▸ **Work instructions**:
Line by line, retype the material exactly and leave each picture out.

▸ **Dataset section**:
________

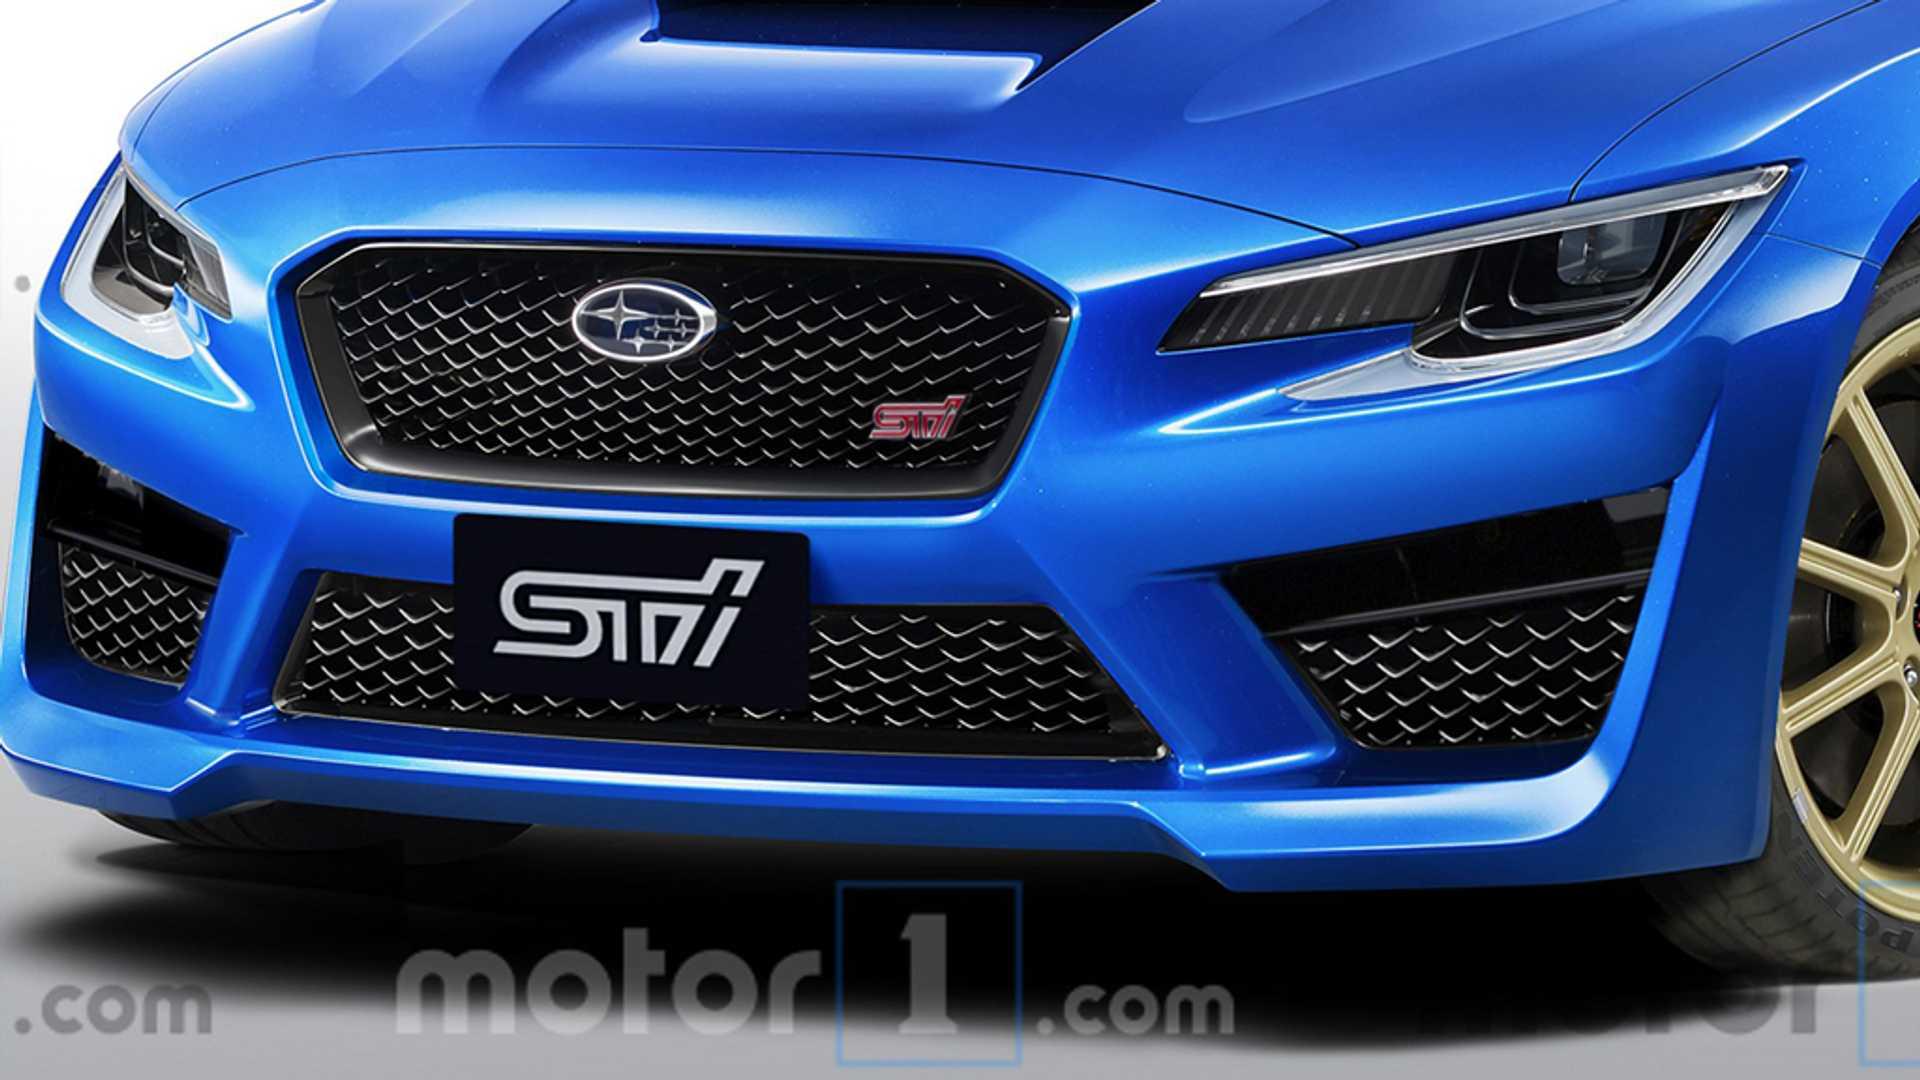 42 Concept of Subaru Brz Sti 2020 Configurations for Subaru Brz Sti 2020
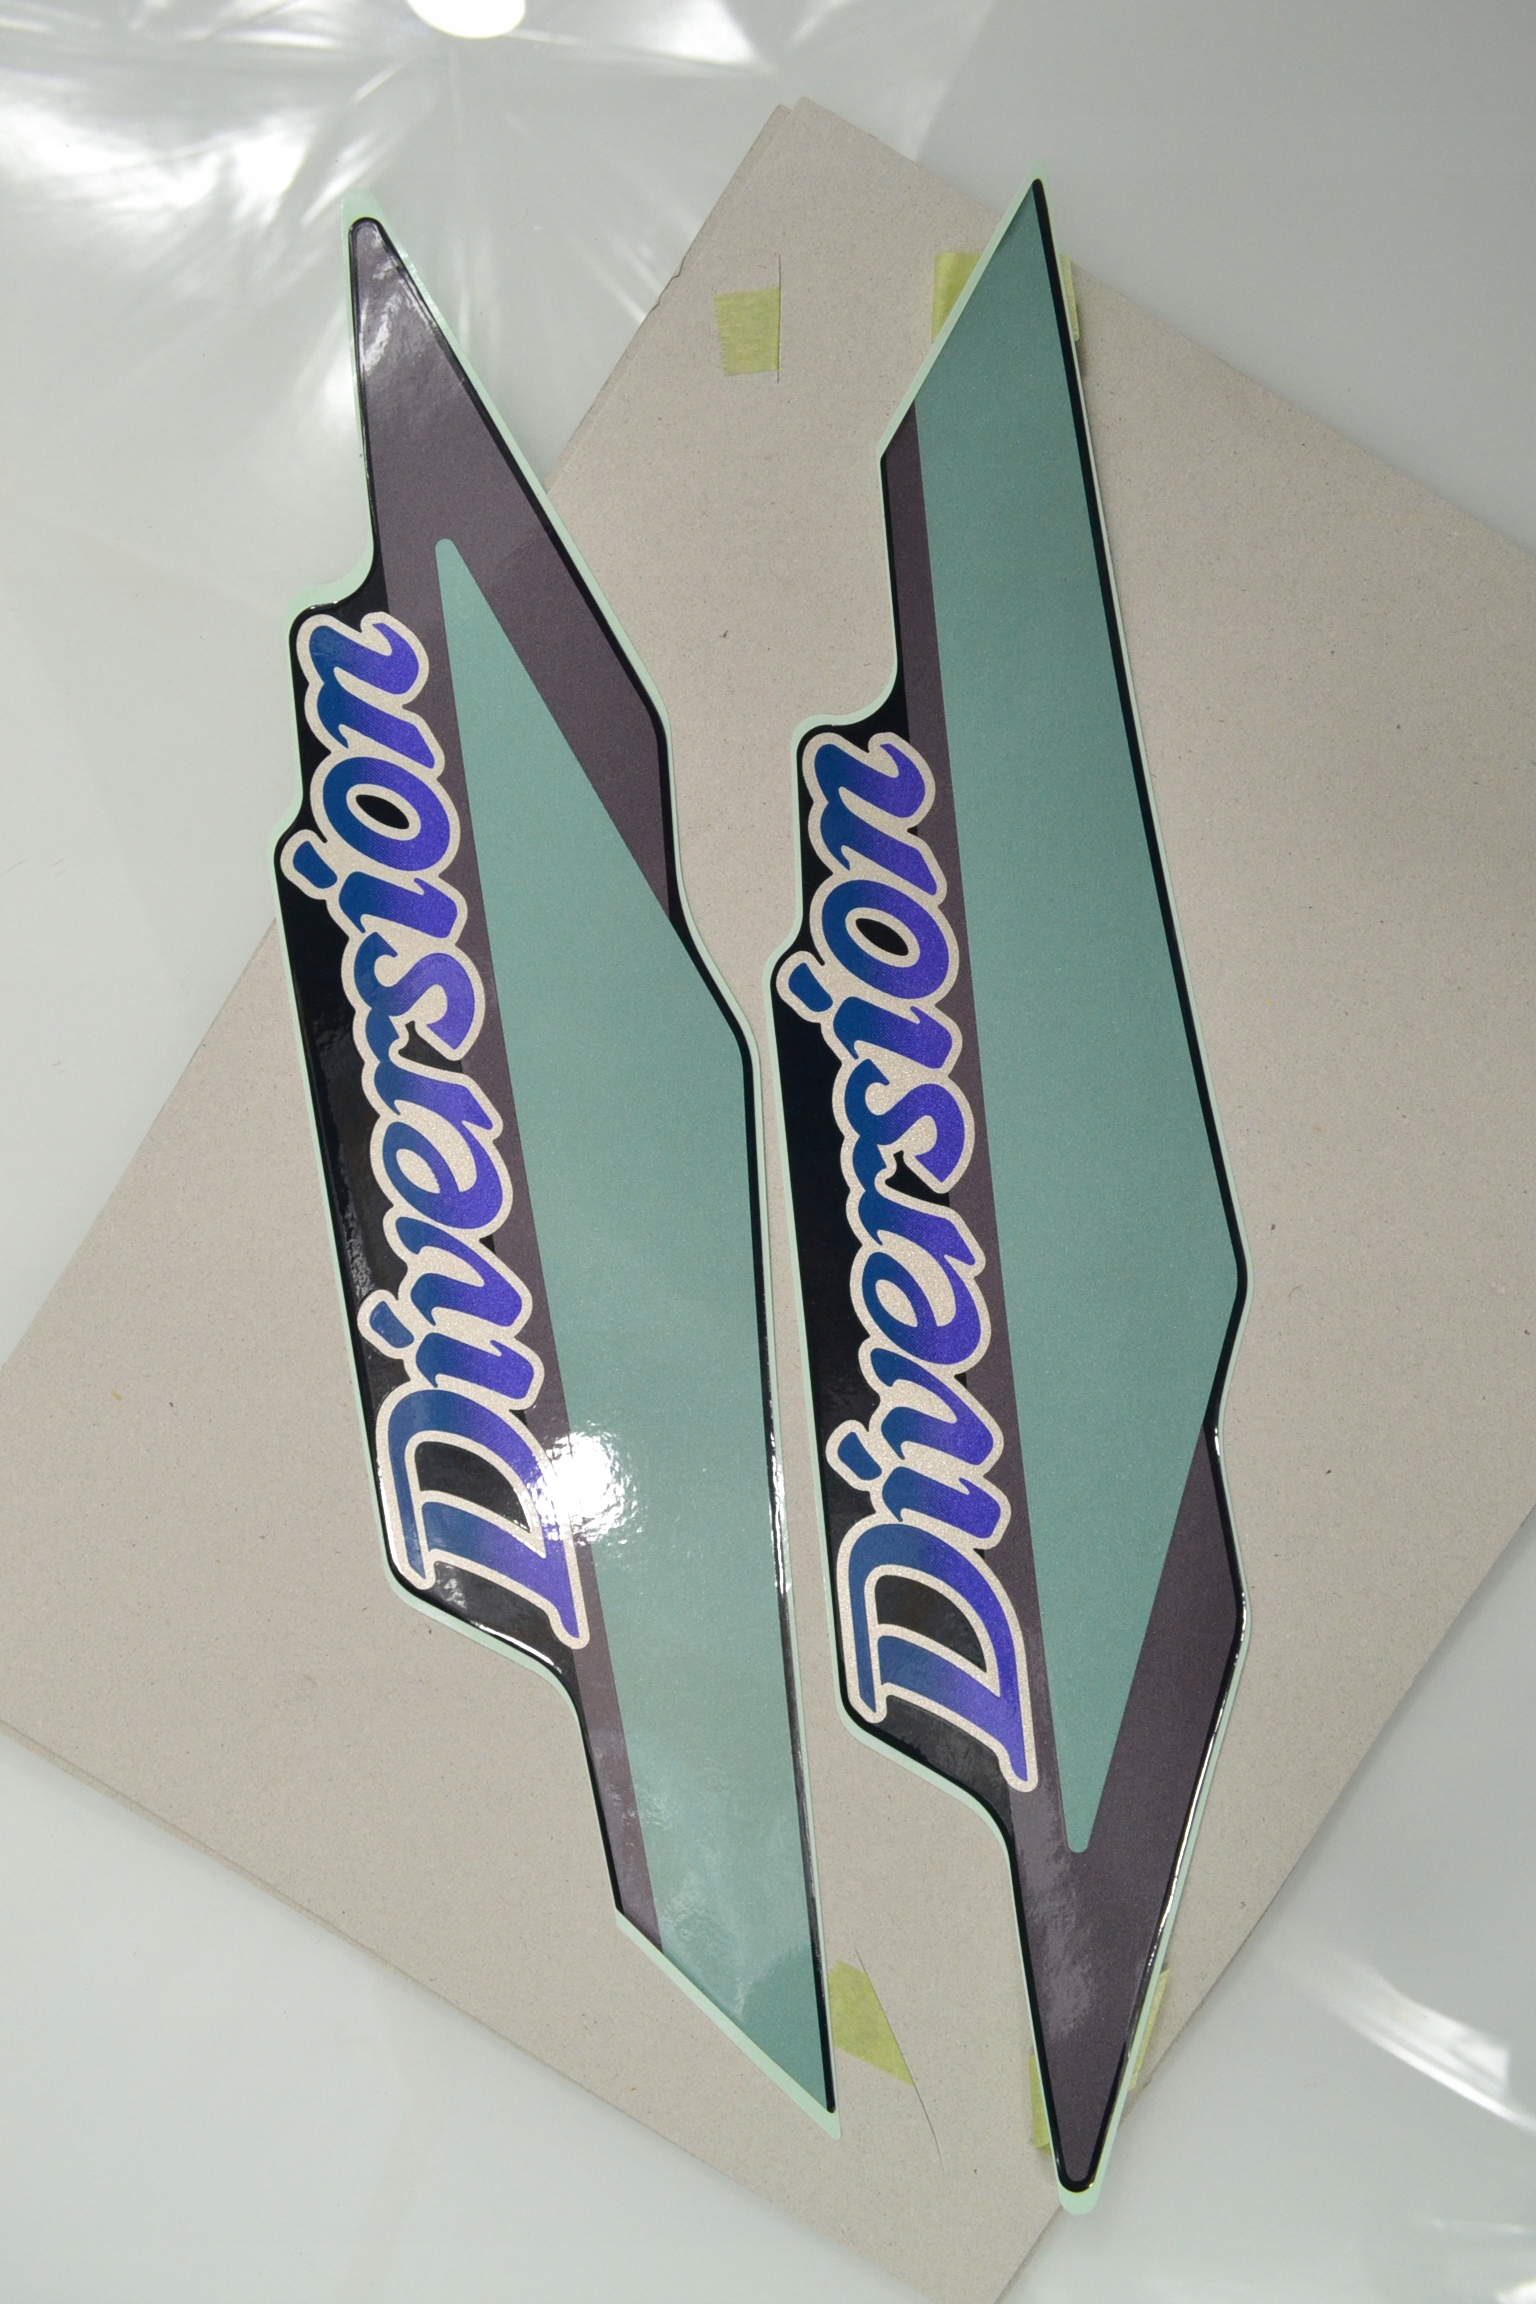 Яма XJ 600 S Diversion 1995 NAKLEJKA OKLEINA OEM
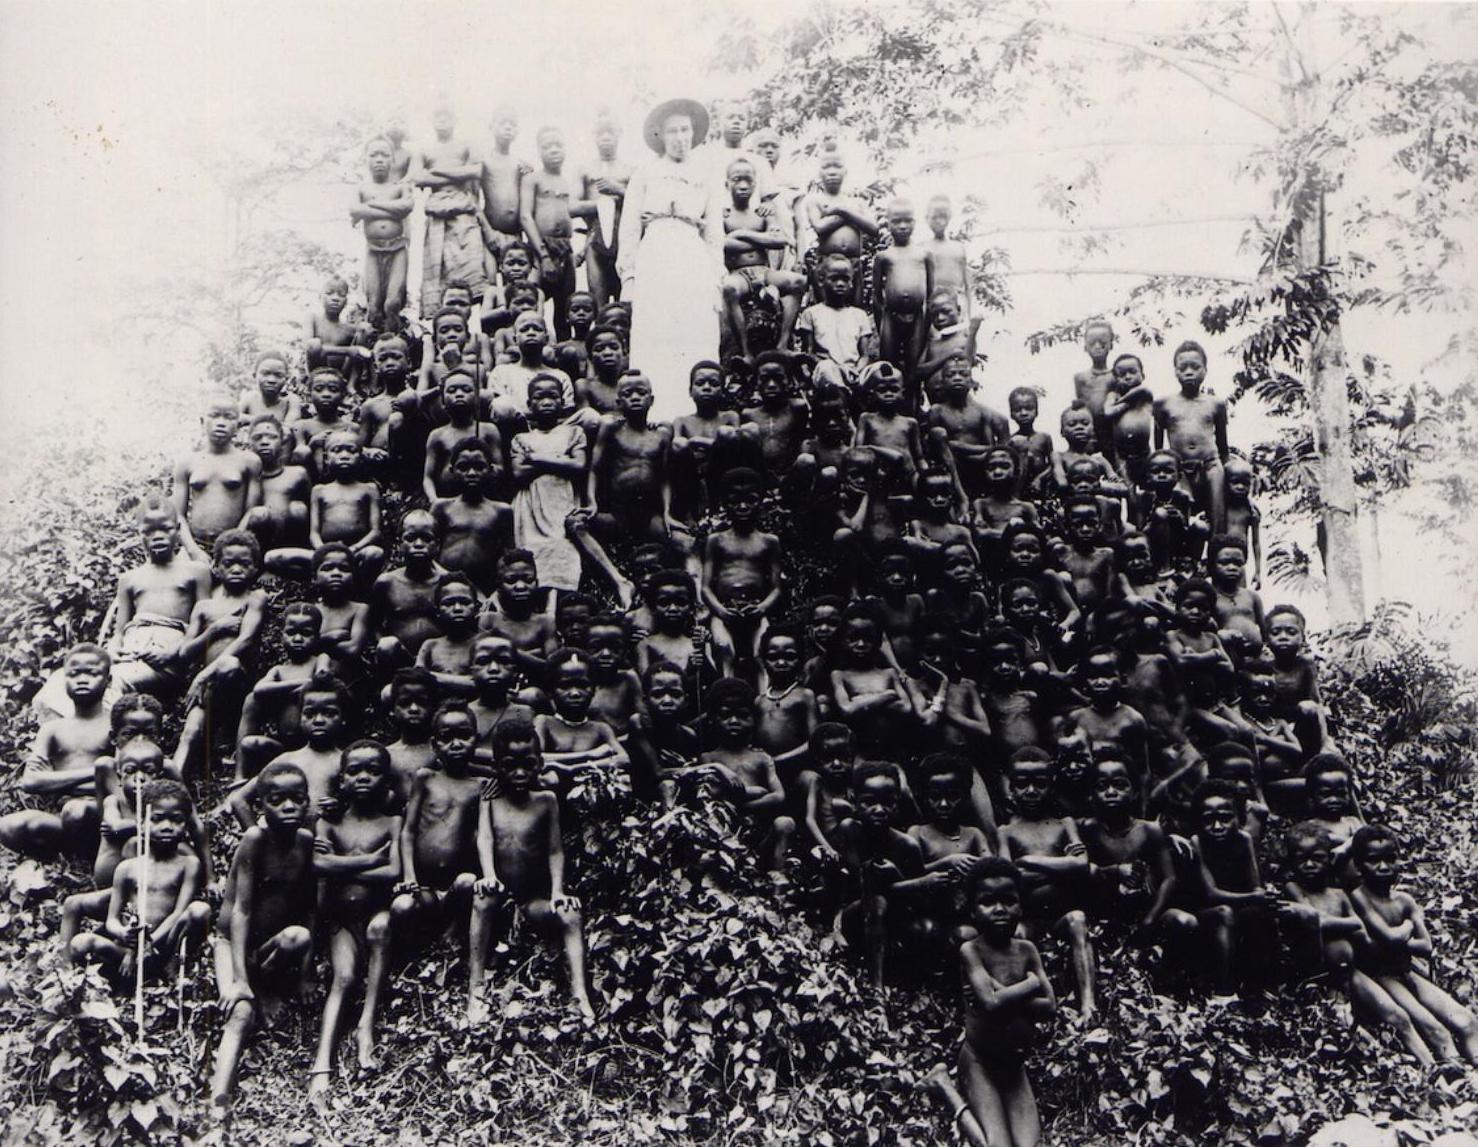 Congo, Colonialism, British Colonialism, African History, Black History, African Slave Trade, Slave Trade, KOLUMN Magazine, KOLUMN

________

▸ **Result of this task**:
 42 Concept of Subaru Brz Sti 2020 Configurations for Subaru Brz Sti 2020
 Яма XJ 600 S Diversion 1995 NAKLEJKA OKLEINA OEM
 Congo, Colonialism, British Colonialism, African History, Black History, African Slave Trade, Slave Trade, KOLUMN Magazine, KOLUMN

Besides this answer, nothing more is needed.